There are so many things wrong about this and your concerns are very well-founded. While there are no laws that I know of that would stop a counselor from this type of muddled therapy it certainly doesn’t allow the best and unbiased therapy for your daughter.
While there may be cause for a one-time, or perhaps occasional meeting with a family member (sometimes called caucusing) the on-going nature blurs the boundaries. It is likely to affect what that individual will share, the truth of what is revealed, and the depth. There are plenty of good counselors out there and to give your daughter the best opportunity for safety and her own growth. Having her see someone not conducting therapy with a parent is almost always a better option.
In your daughter’s situation think about the implied concern she could have in revealing information to the counselor. What if she is having an issue with the mother’s boyfriend? What if she has a concern with you? What if she is engaged in a behavior that you support, but her mother and her boyfriend do not? Each of these concerns would require the counselor to be unbiased. Even if he or she were perfectly so it is the perception your daughter would have that the counselor may carry the bias.

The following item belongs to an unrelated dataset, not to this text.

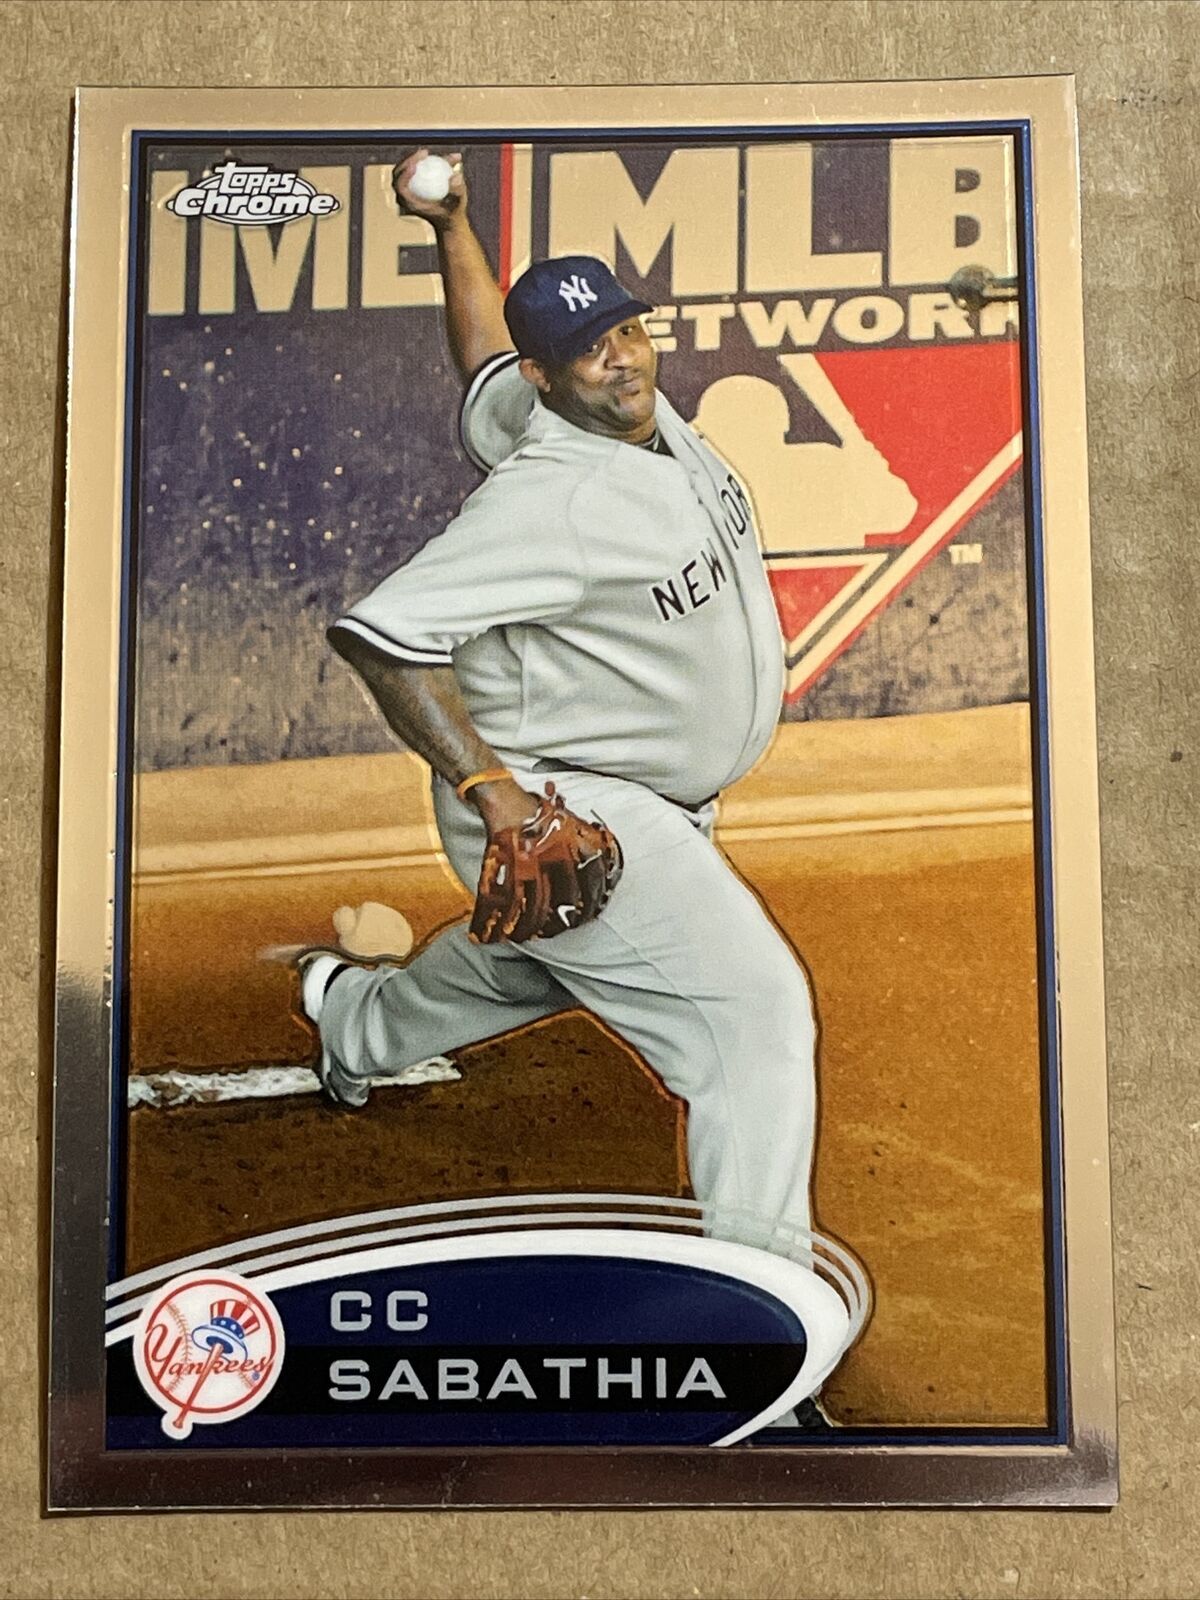 Primary image for 2012 Topps Chrome CC Sabathia Yankees

Finally, the fact that you are uncomfortable should be enough of a concern. While you haven’t said your daughter’s age, if she is under 18, I believe the parent’s agreement is essential. Under 18 you should have the ability to rule out the counselor if you feel there is a bias. If you are unhappy with what is going on I would voice these concerns with the therapist. It is valid and important to express. If she is over 18, her choice of a neutral therapist should be what determines who she sees.